# Please id



## n00pster (May 14, 2010)

Just curious to know which is this cichlid:


----------



## GoofBoy (Jul 3, 2007)

An artists enhancement of Aulonocara jacobfreibergi "Eureka" would be my guess.

But definitely an emhancement of a peacock - once you start photo-shopping it really could be one of many.


----------



## n00pster (May 14, 2010)

oh I didnt think of photo-shop.. it looks too good to be real anyway..


----------



## GoofBoy (Jul 3, 2007)

Look here at the 7th photo of the *Images:* dropdown, Titled "Subdult male" for what they really look like - still not bad, eh?


----------



## n00pster (May 14, 2010)

wow... Its tickling my aesthetic nerve..  Now I know what to get for my next tank..  b/w I haven't finished stocking my first one..


----------



## GoofBoy (Jul 3, 2007)

> 55g - 3 yellow labs, 6 maingano, 1f acei, 1f kenyi


More 3 Labs and 3 more Acei and lose the kenyi and you will be golden. Though you could add 3 more maingano and get rid of any male trouble makers as they appear to end up with a good male:female ratio for them 1male:4+females.

It would be a great tank.

You do not want to do one of this and one of that with mbuna - in 8 months or so things completely blow up - many of us have done it. BTW, The Yellow labs are much more fun when there are at least 6 of them.

Good Luck.


----------



## n00pster (May 14, 2010)

GoofBoy said:


> More 3 Labs and 3 more Acei and lose the kenyi and you will be golden. Though you could add 3 more maingano and get rid of any male trouble makers as they appear to end up with a good male:female ratio for them 1male:4+females.


Thank you for the stocking advice. That is exactly what I am planning to do.  Except I am still debating with myself whether to return the kenyi or leave it alone to see how things turn out.
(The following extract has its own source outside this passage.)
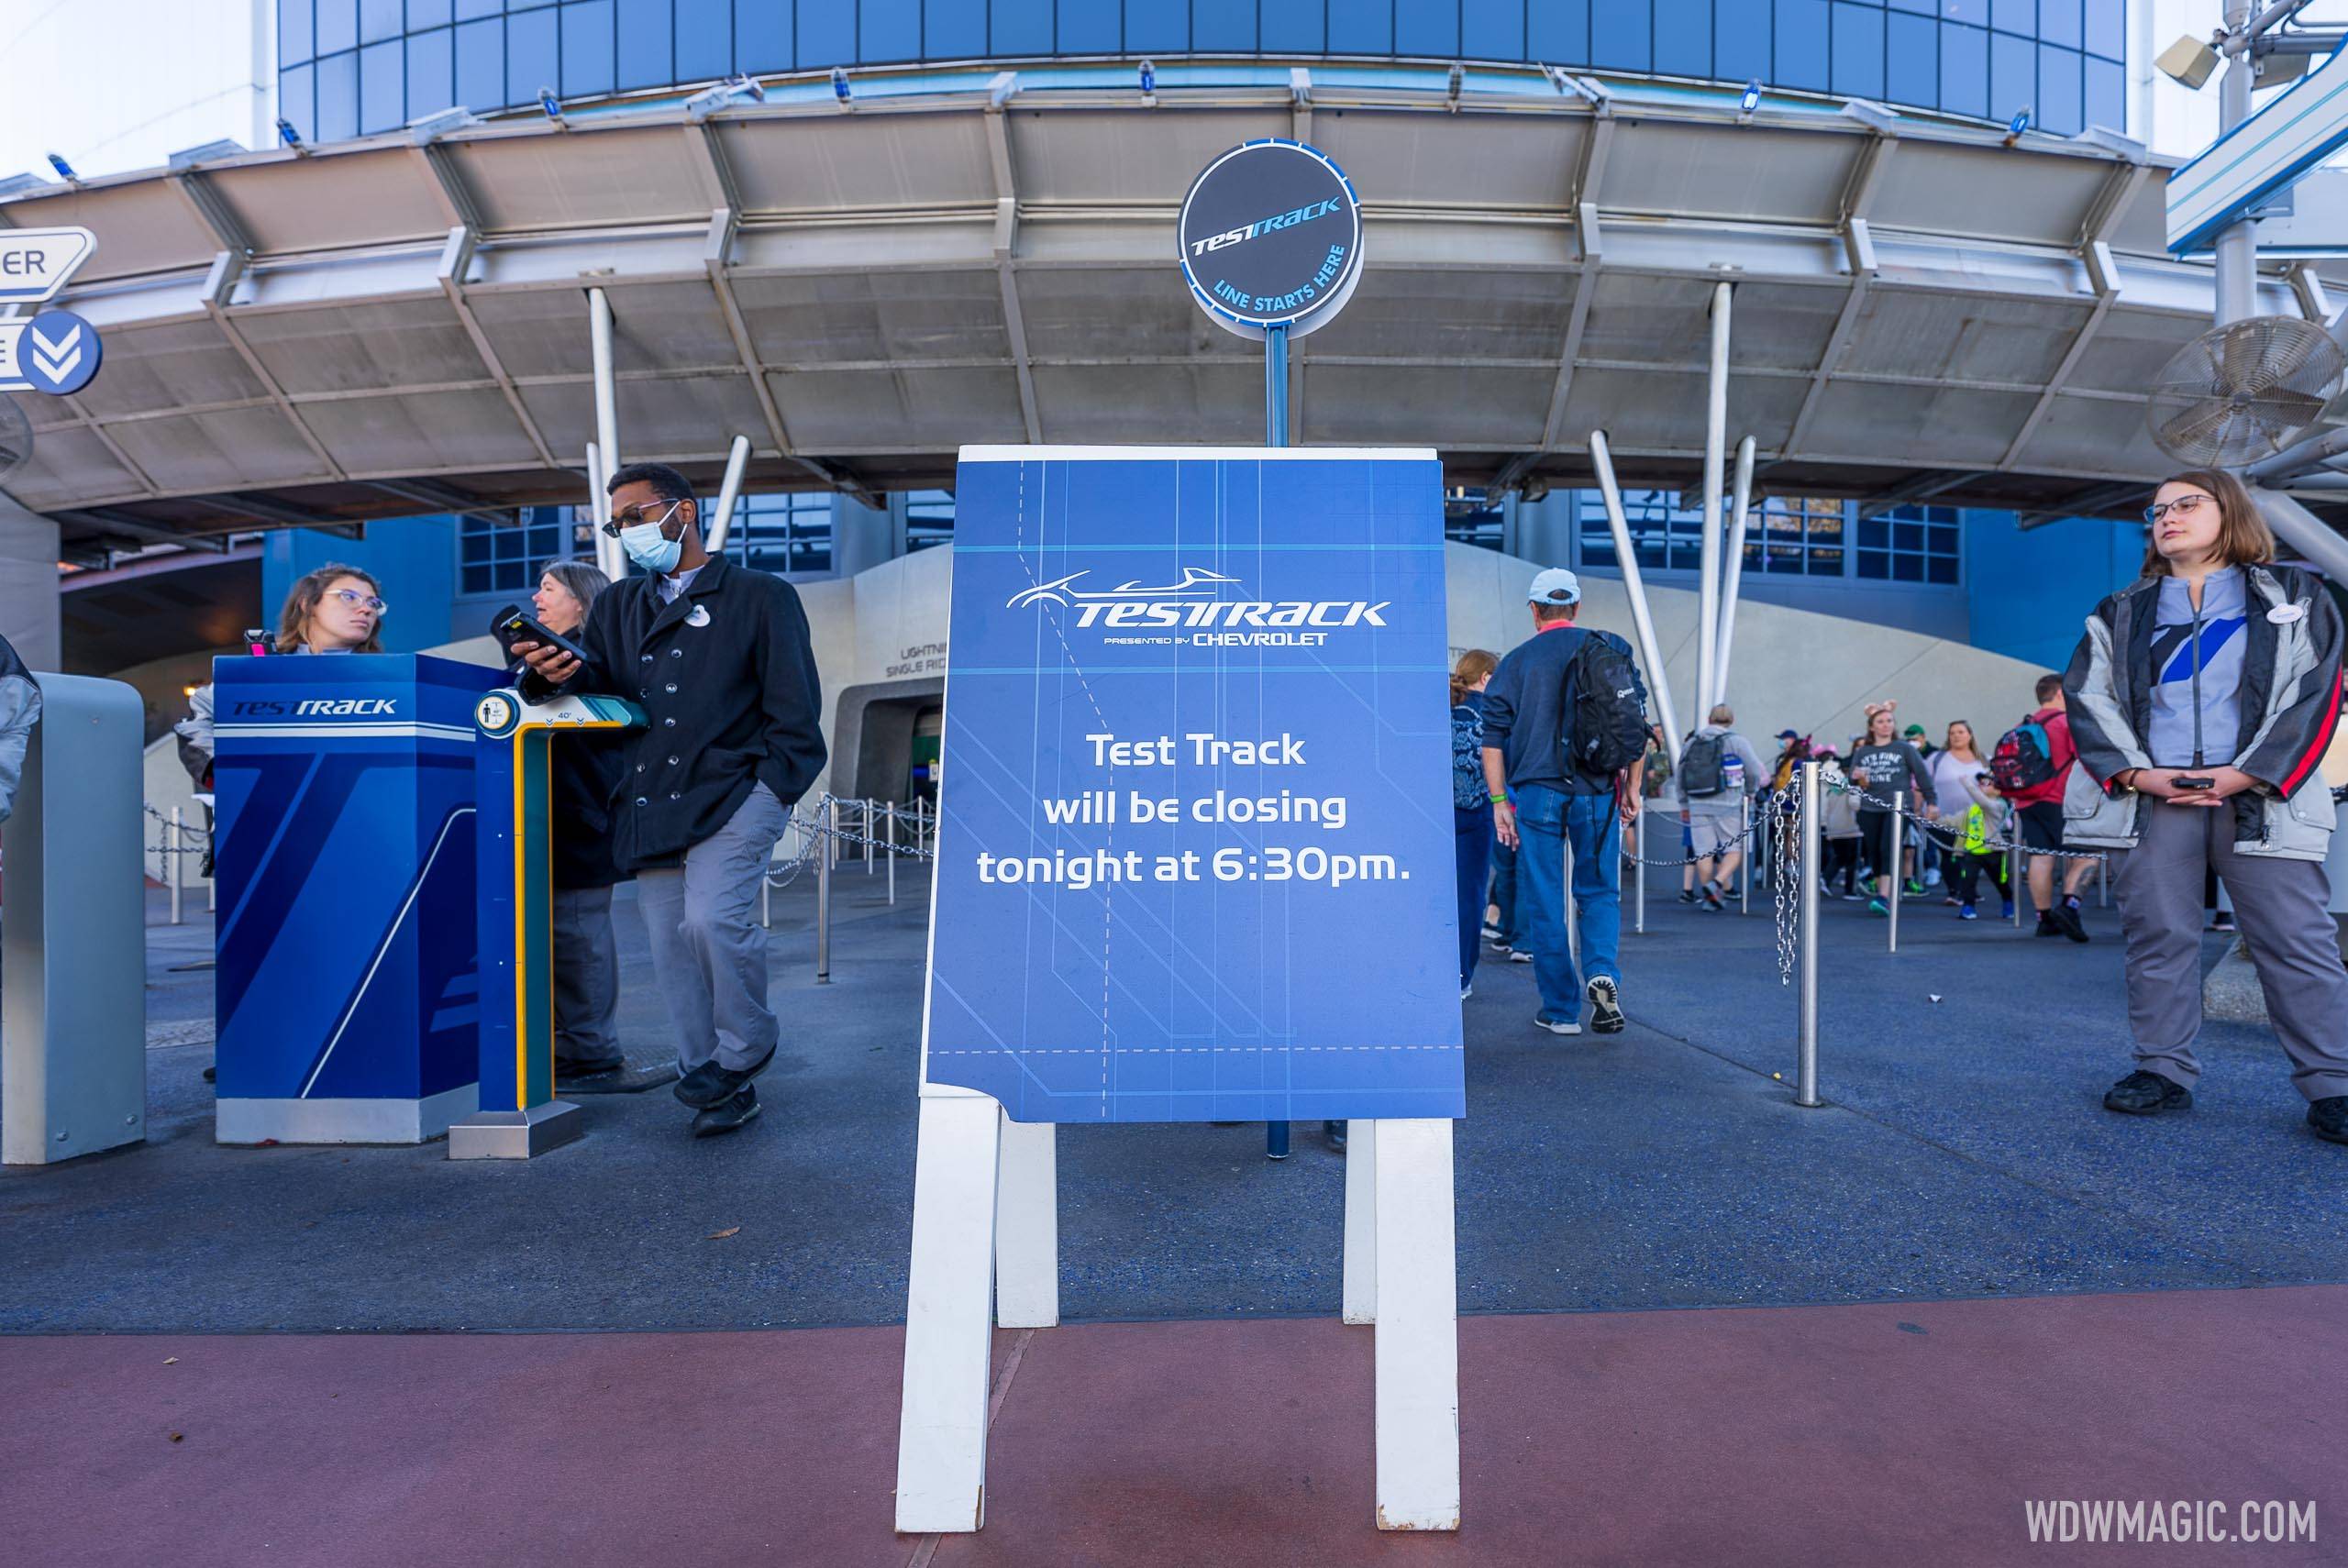 Test Track early closure

My kenyi is a female and is docile. So she does not fight for territory. Also she is very intelligent and tame. She comes very close to my hand and plays around when I clean the tank. hmm.. :-?


----------



## n00pster (May 14, 2010)

ha I found it. 










I think it is this : Aulonocara maleri "Chidunga Rocks"
http://www.cichlid-forum.com/tradingpost/detail.php?id=27372


----------



## Fogelhund (Dec 3, 2002)

n00pster said:


> ha I found it.
> 
> 
> 
> ...


Nope... it is a jacobfriebergi type... note the difference in colour in the dorsal fin.


----------